ChatGPT 5.5 Pro a résolu des problèmes ouverts en théorie des nombres que des mathématiciens travaillaient depuis des années. Le modèle a amélioré une borne exponentielle en borne polynomiale en moins d'une heure, avec zéro intervention humaine.
Le problème : les LLM n'ont pas « compris » la maths au sens humain. Ils ont appliqué des transformations syntaxiques à vitesse surhumaine. C'est comme confier à un moteur diesel un trajet qu'un pilote mettait trois ans à optimiser — le diesel l'expédie en 60 minutes, mais sans intention ni conscience.
Le problème : les LLM n'ont pas « compris » la maths au sens humain.
Timothy Gowers, médailliste Fields, tire une conclusion crue : la contribution mathématique digne de ce nom, c'est désormais « prouver ce que les LLM ne peuvent pas ». Le seuil s'effondre.
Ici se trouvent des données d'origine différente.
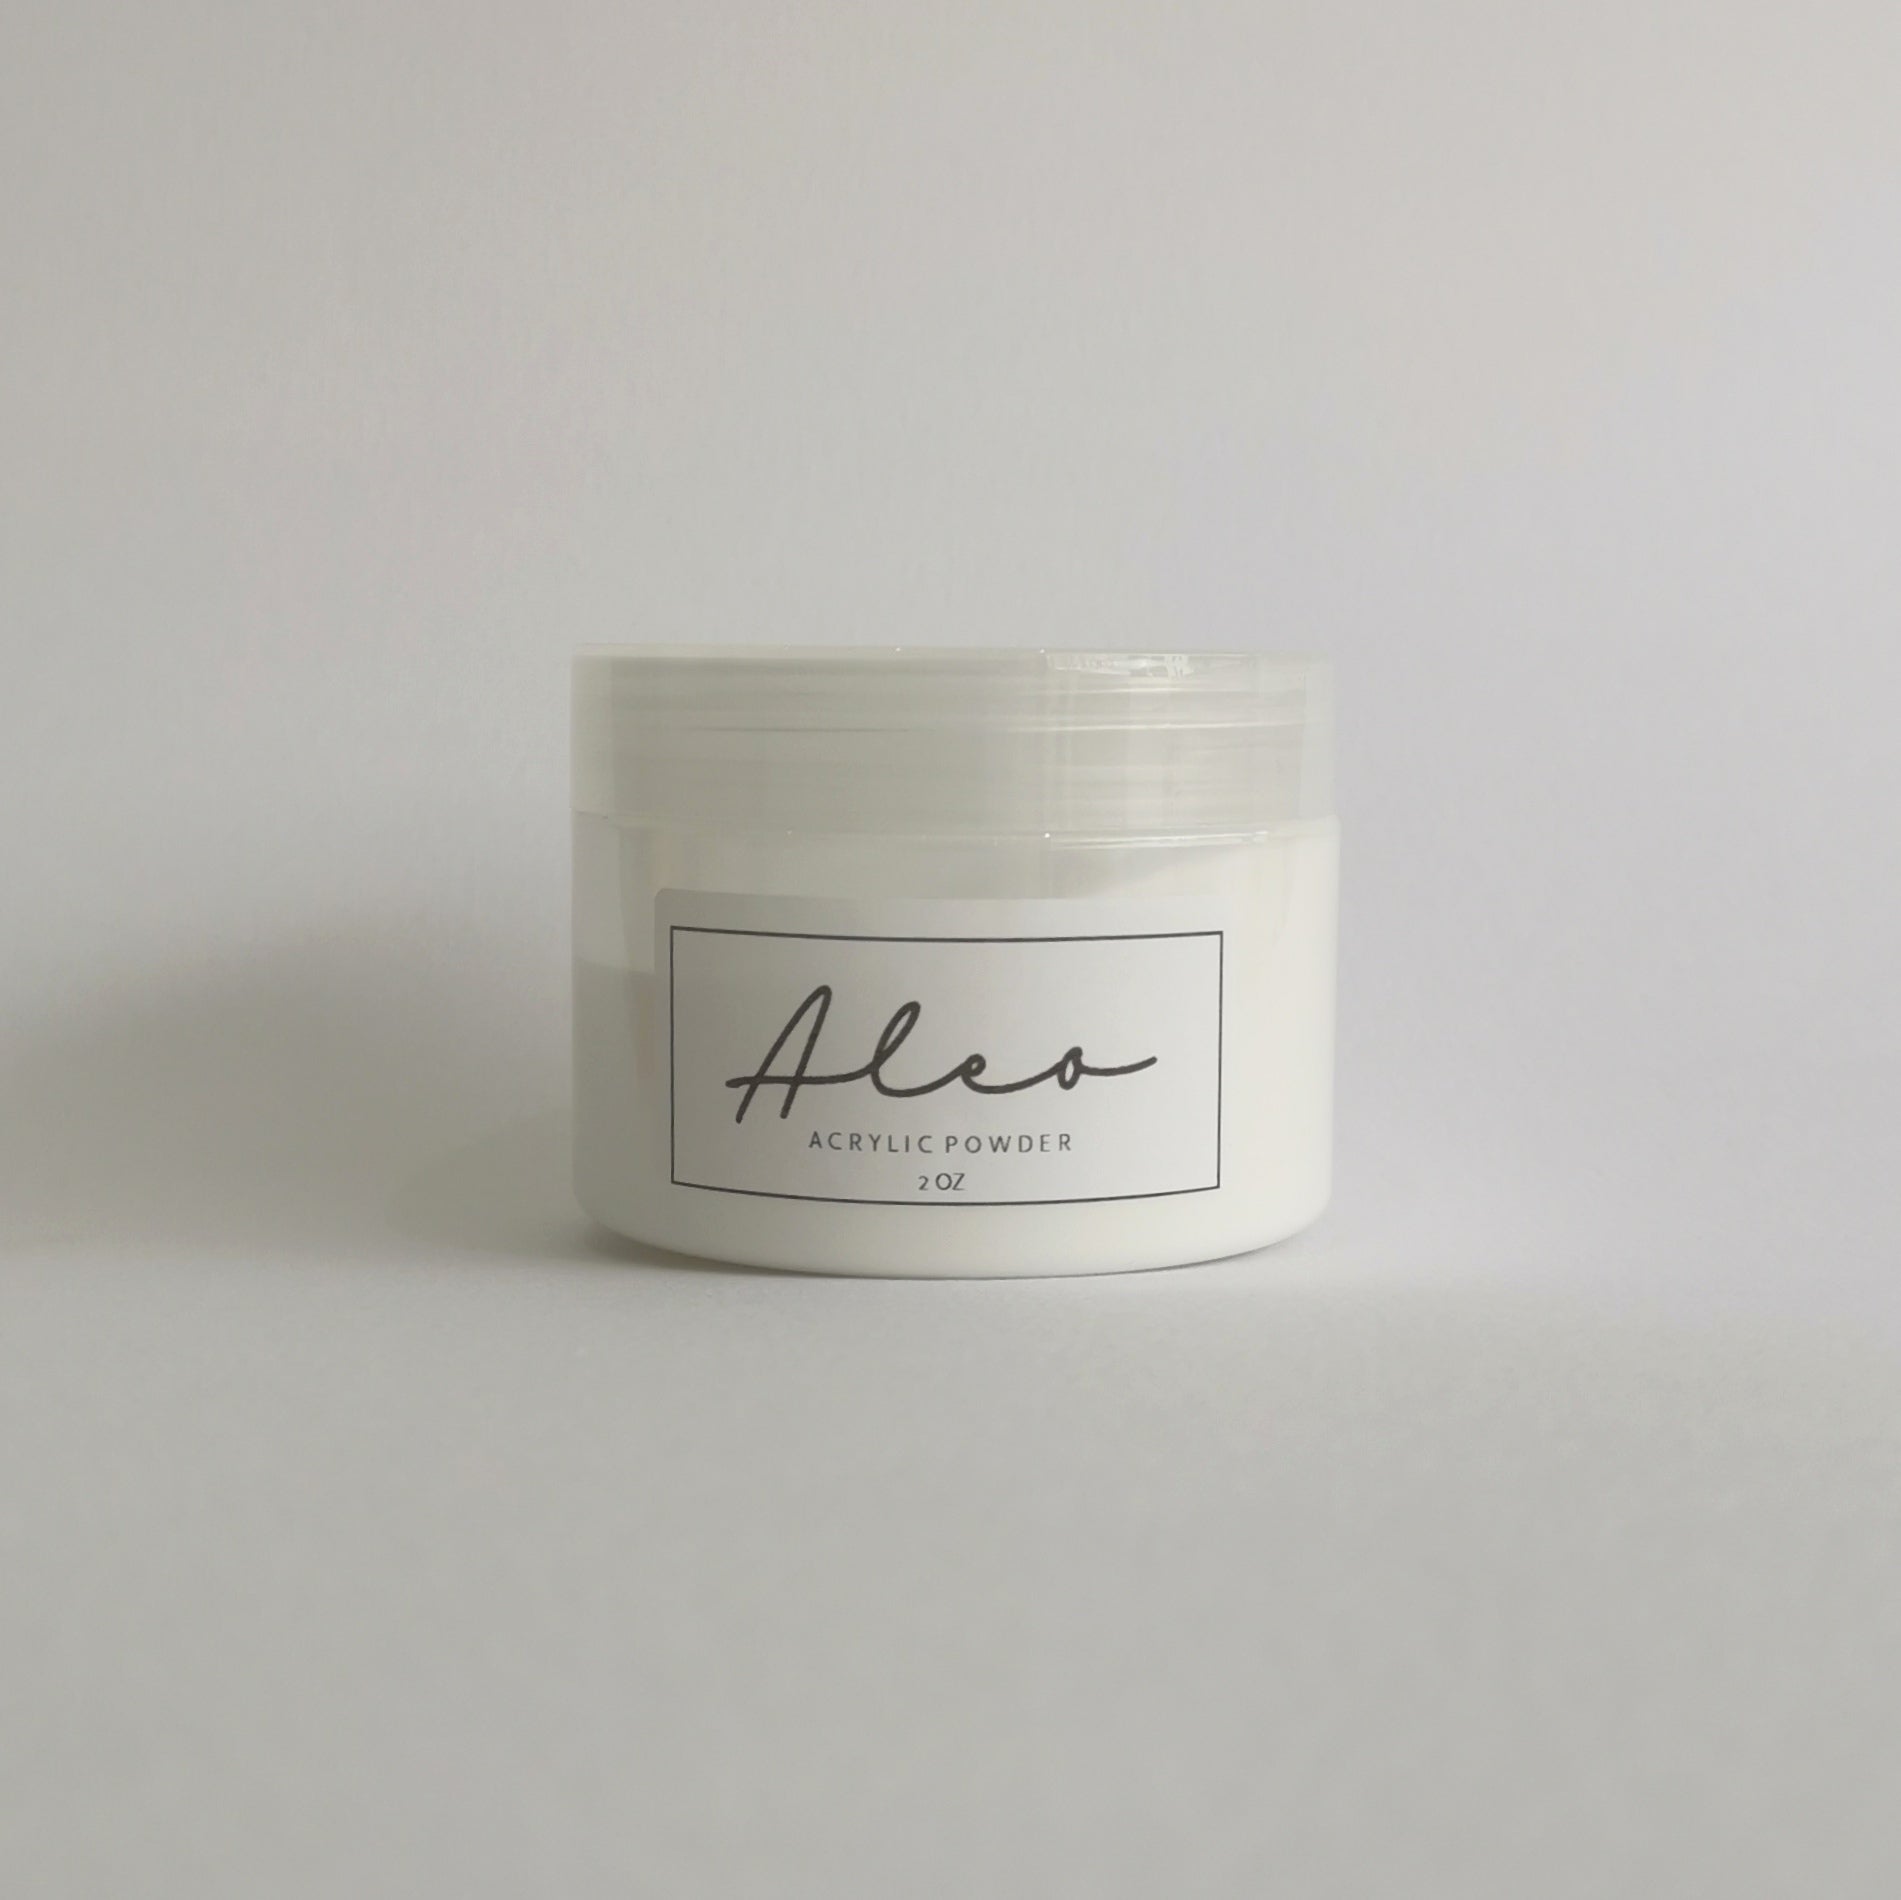 ALEO Acrylic Powder Soft White - Creative Beauty

Le benchmark humain se déplace. Les idées « originales » selon MIT ne sortent plus d'un cerveau, mais d'une distribution de poids.
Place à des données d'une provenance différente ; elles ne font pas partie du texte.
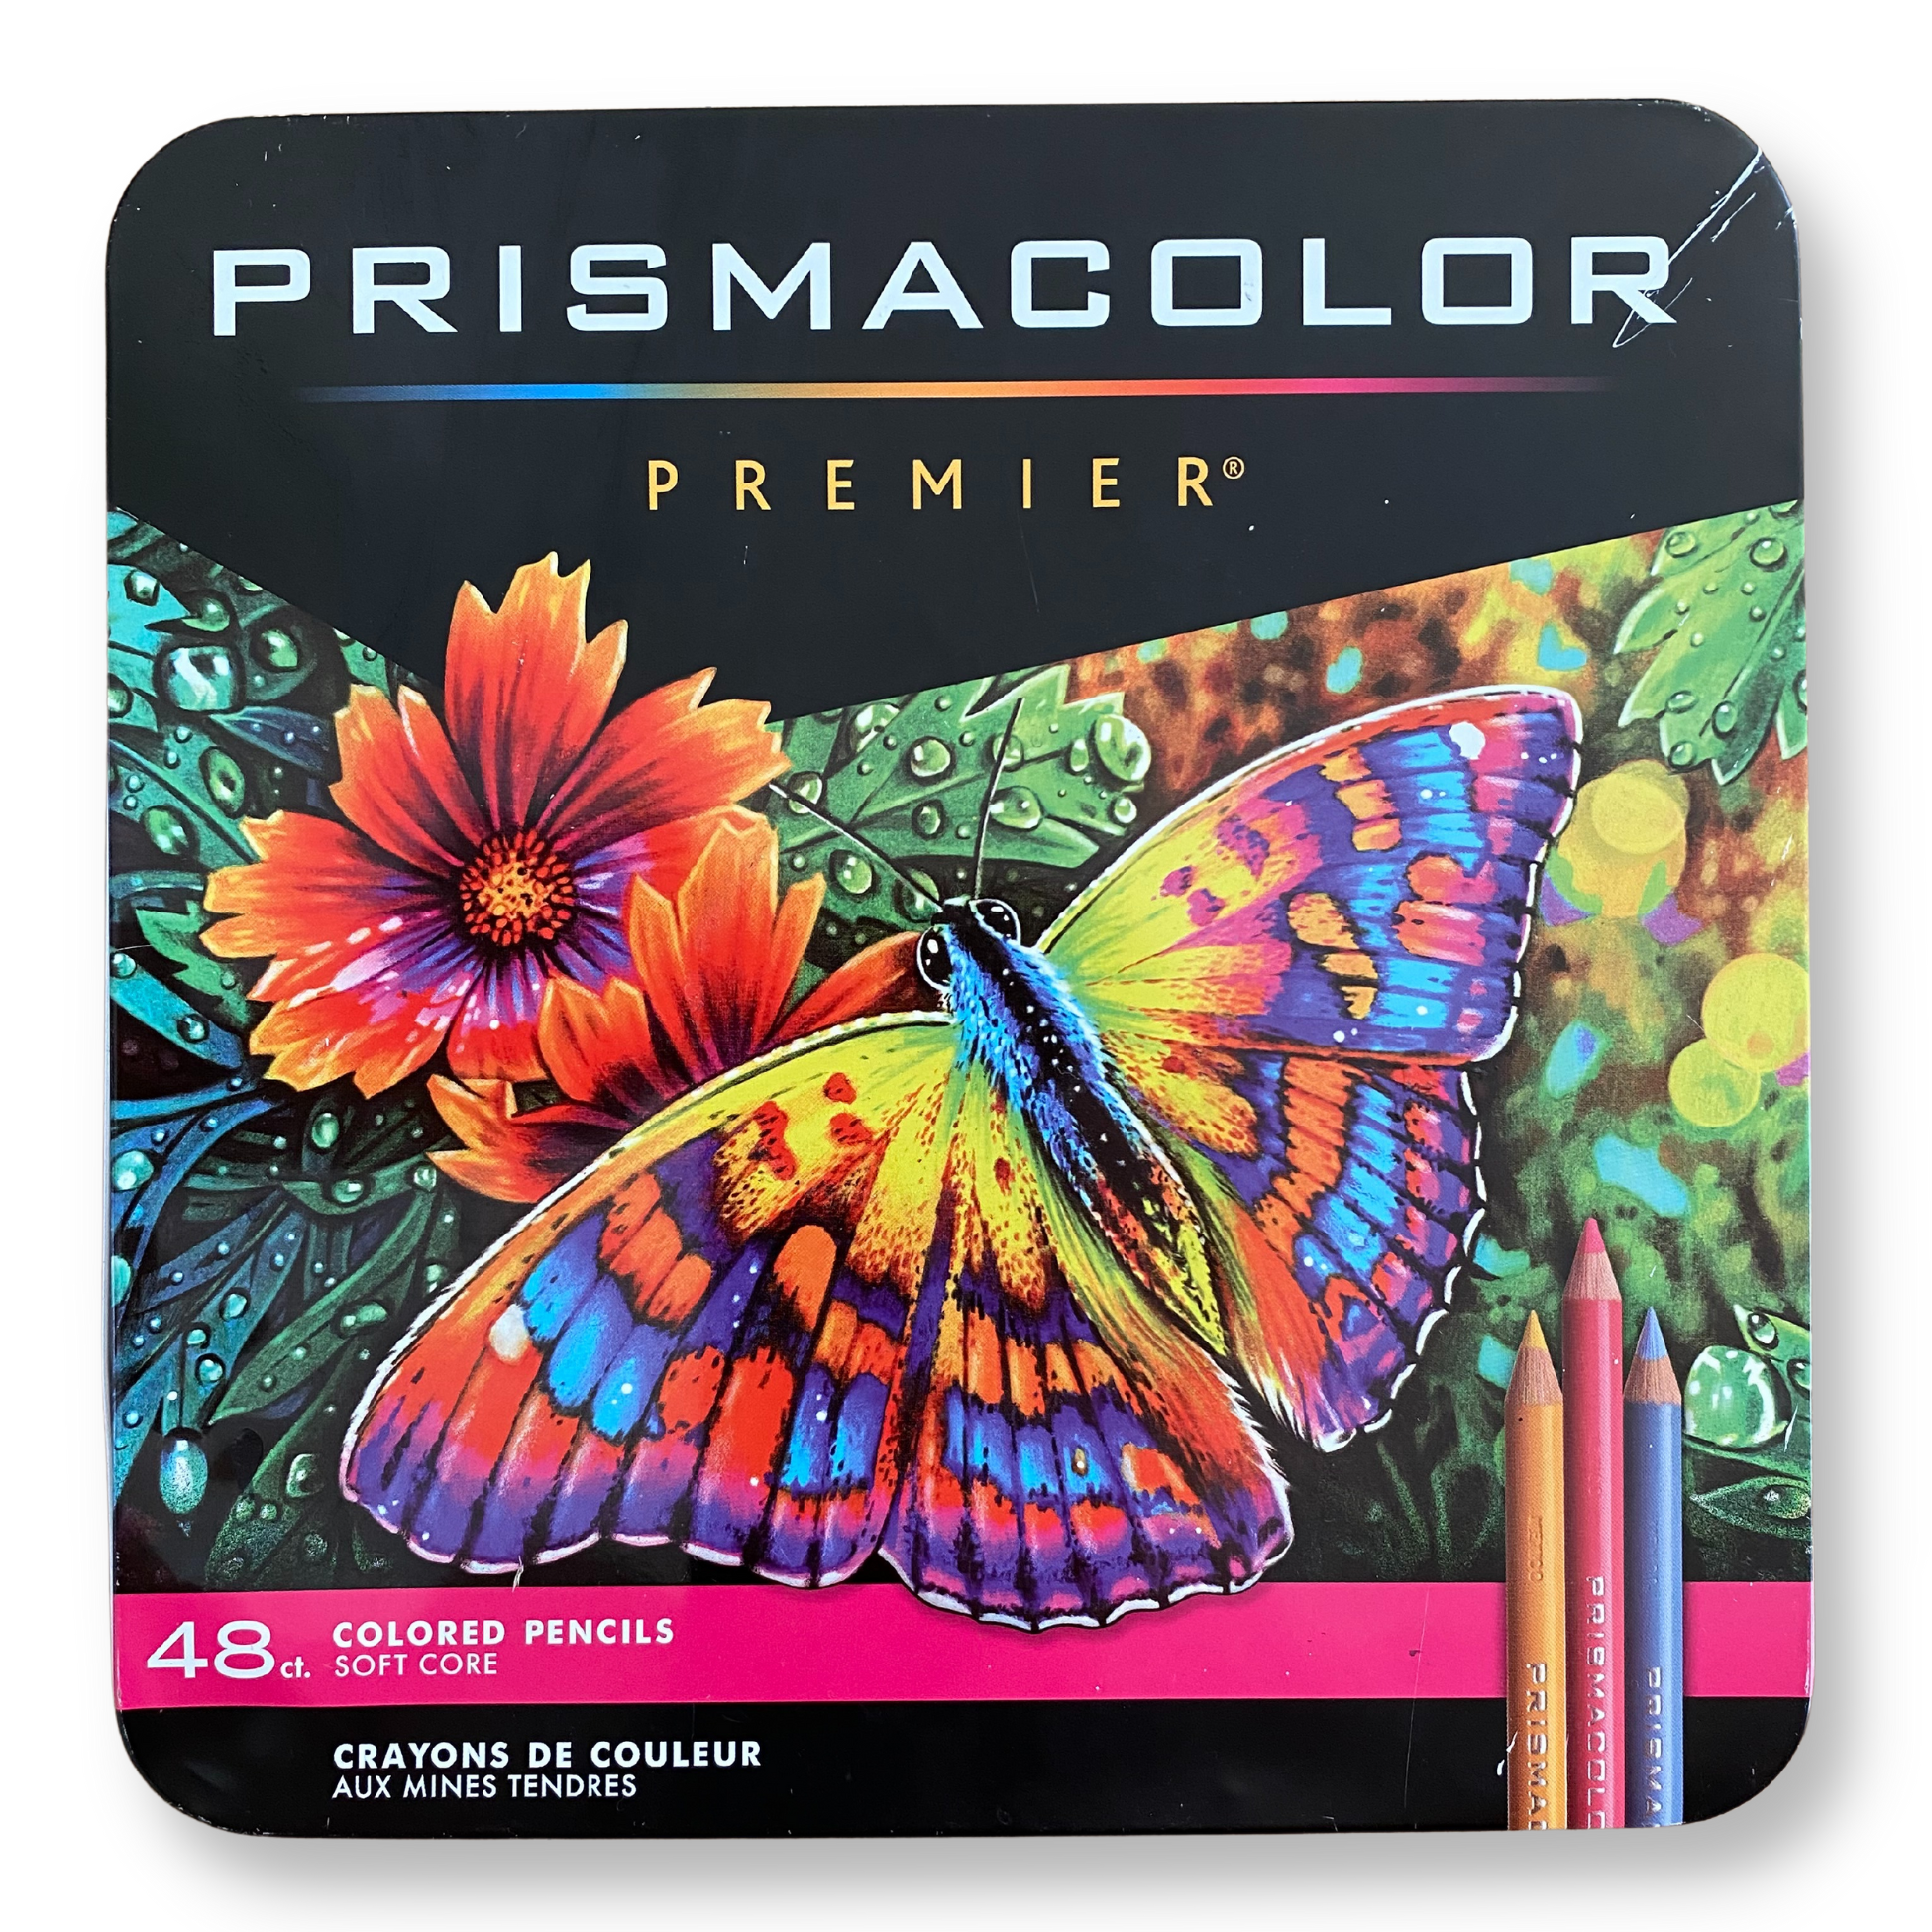 Shop Artisto Premium Watercolor Pencils

Dans 12-24 mois, cette trajectoire posera un vrai problème : si l'IA atteint PhD-level sur les mathématiques appliquées (crypto, optimisation, finance), les portes des labs se ferment. Les universités doivent redéfinir avant novembre 2025 ce qui compte comme « recherche » versus « exécution IA ».
Ce n'est pas un exploit. C'est une reclassification.